Помимо институционального каркаса структуры международных отношений есть и гораздо менее жёсткая её часть, определяемая балансом сил. Она в большей степени влияет на динамику взаимодействия между государствами, в ней меньше нормативного элемента, и потому она более гибка и мобильна. Различные конструкции «полярности» в мире как раз и отражают эту динамику (реальную или желаемую) в балансе сил. Тем не менее и здесь в течение последних десятилетий можно наблюдать тенденцию к усилению квазинормативных ограничителей для поведения государств на мировой арене. Собственно говоря, популярная сейчас на Западе концепция «мира, основанного на правилах», и является одним из примеров ужесточения этих рамок.

Всё это приводит к тому, что, скажем так, полнота свободы государств в отстаивании и продвижении своих национальных интересов становится всё более и более мнимой. И вопрос не только в нехватке ресурсов или силы для таких действий. Структурные ограничители в последние десятилетия также выполняют здесь сдерживающую роль. Неслучайно одна из наиболее распространённых сегодня версий теории политического реализма называется именно «структурный реализм». Её положения как раз делают акцент на том, что реализация национальных интересов государств должна проходить в рамках сложившейся структуры международных отношений и не выходить за их пределы.
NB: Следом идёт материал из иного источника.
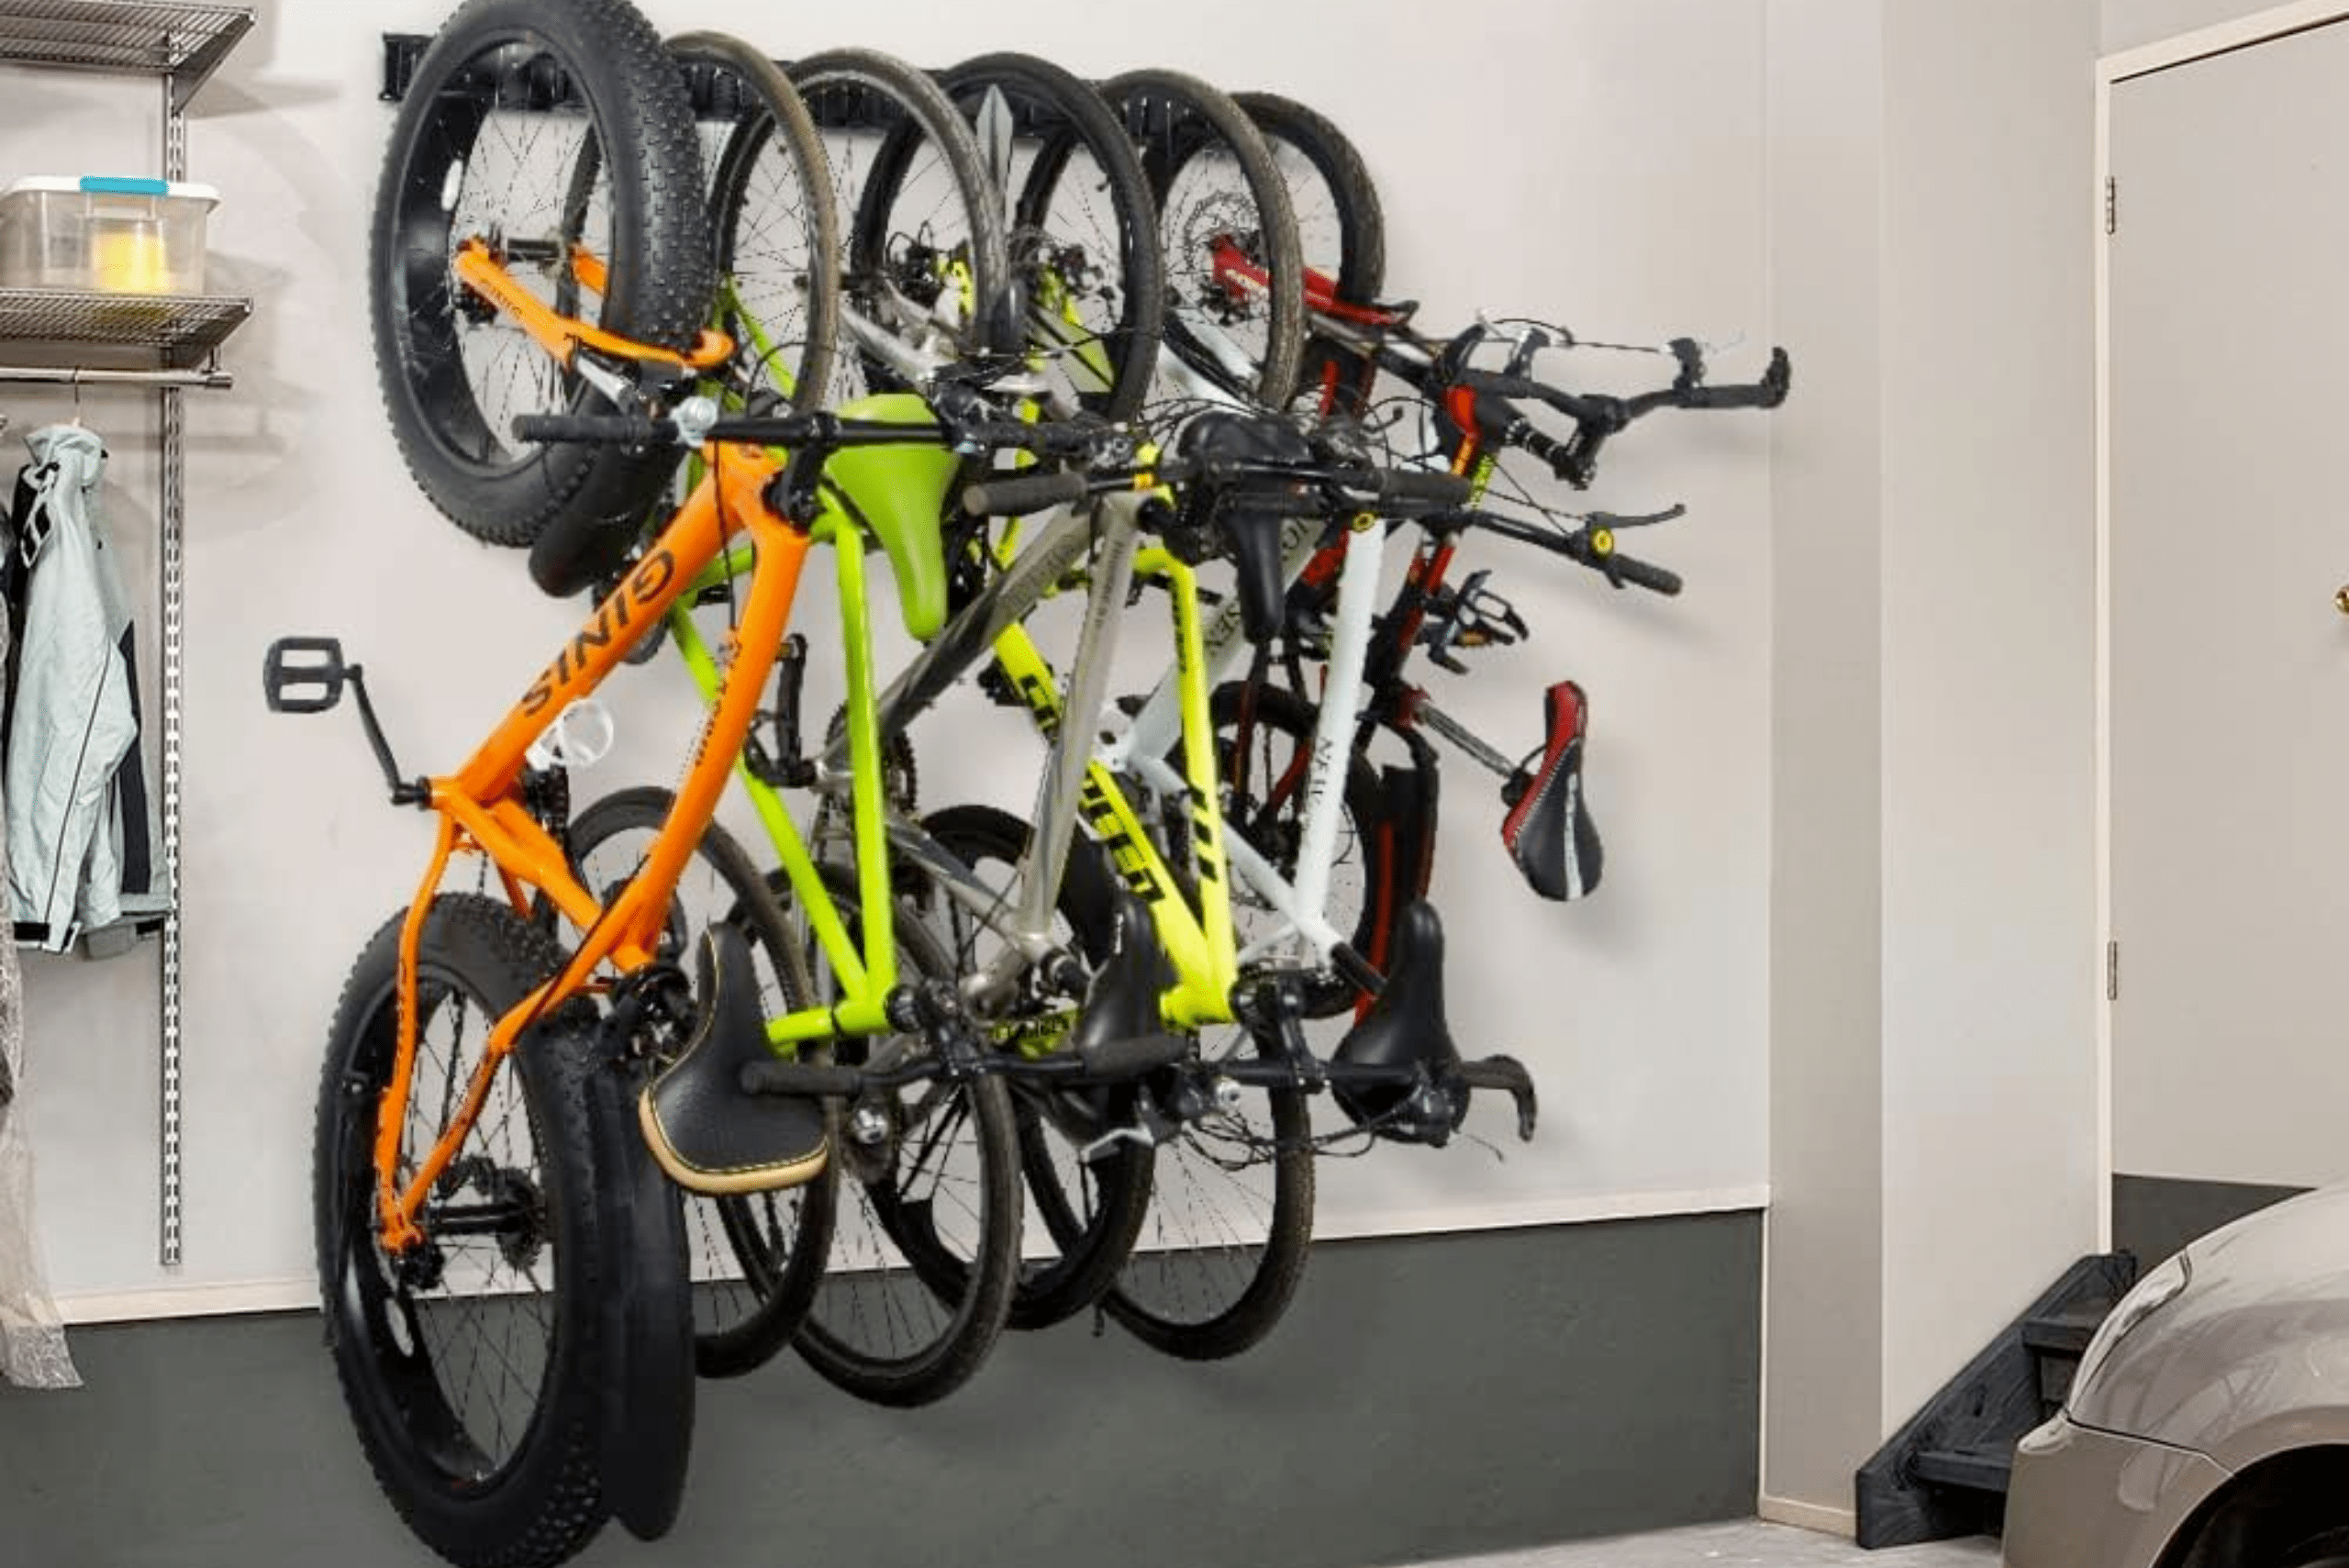 Bikes mounted on a wall garage bike rack.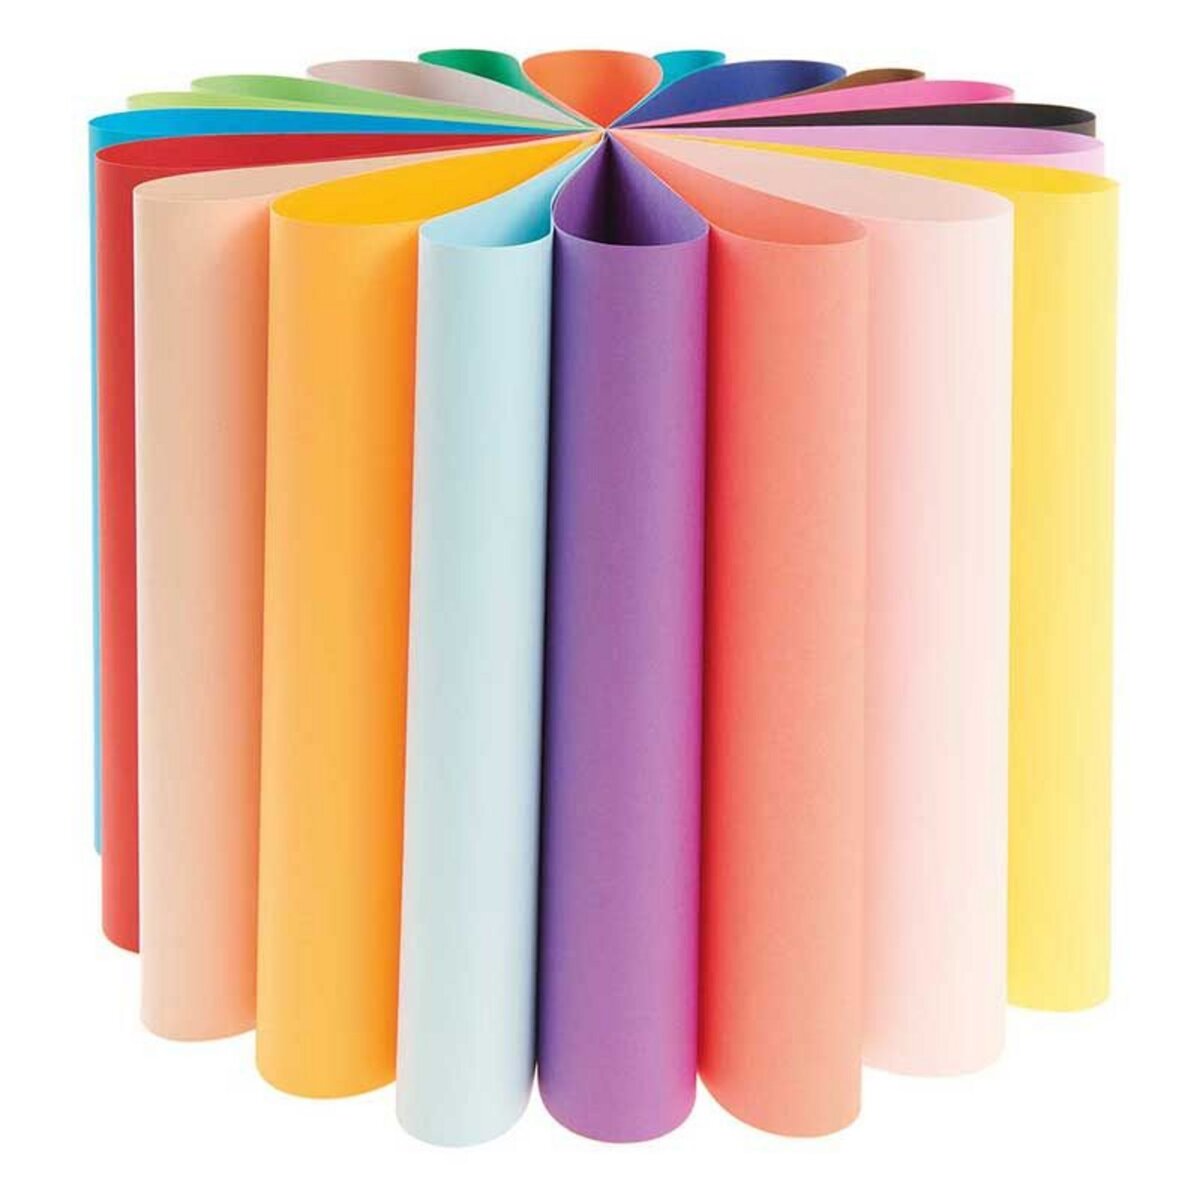 RICO DESIGN 20 feuilles de papier A3 160 g - Multicolore pas cher

Разумеется, структурные рамки и ограничения не мешали крупным державам порой нарушать их и прибегать к военной силе для продвижения своих интересов. Военные кампании тех же Соединённых Штатов в последние десятилетия всем хорошо известны. Но американцы, как правило, объясняли потом эти свои действия не только и не столько в контексте продвижения своих интересов, сколько именно как необходимые и вынужденные шаги, направленные на защиту сложившейся структуры международных отношений и её нормативных ограничителей от грозившей им опасности со стороны очередного противника. По крайней мере, так дело выглядело с их точки зрения. И в этой логике те или иные военные действия США представлялись не сломом международной структуры, а, напротив, борьбой за её сохранение. И сами США, повторю – в этой логике, оказывались своего рода «глобальным жандармом», стоящим на страже системы. В силу того, что им небезразличны её принципы и ценности, ну и потому, что они самая мощная военная держава в мире. Союзники США на Западе, как правило, такие трактовки поддерживали (за редкими исключениями, например, по Ираку в 2003 году). В итоге происходило воплощение на практике старой идеи Рузвельта о «глобальных полицейских». Правда, в отличие от изначальной версии, полицейских такого рода было не несколько, а только один, но это уже детали.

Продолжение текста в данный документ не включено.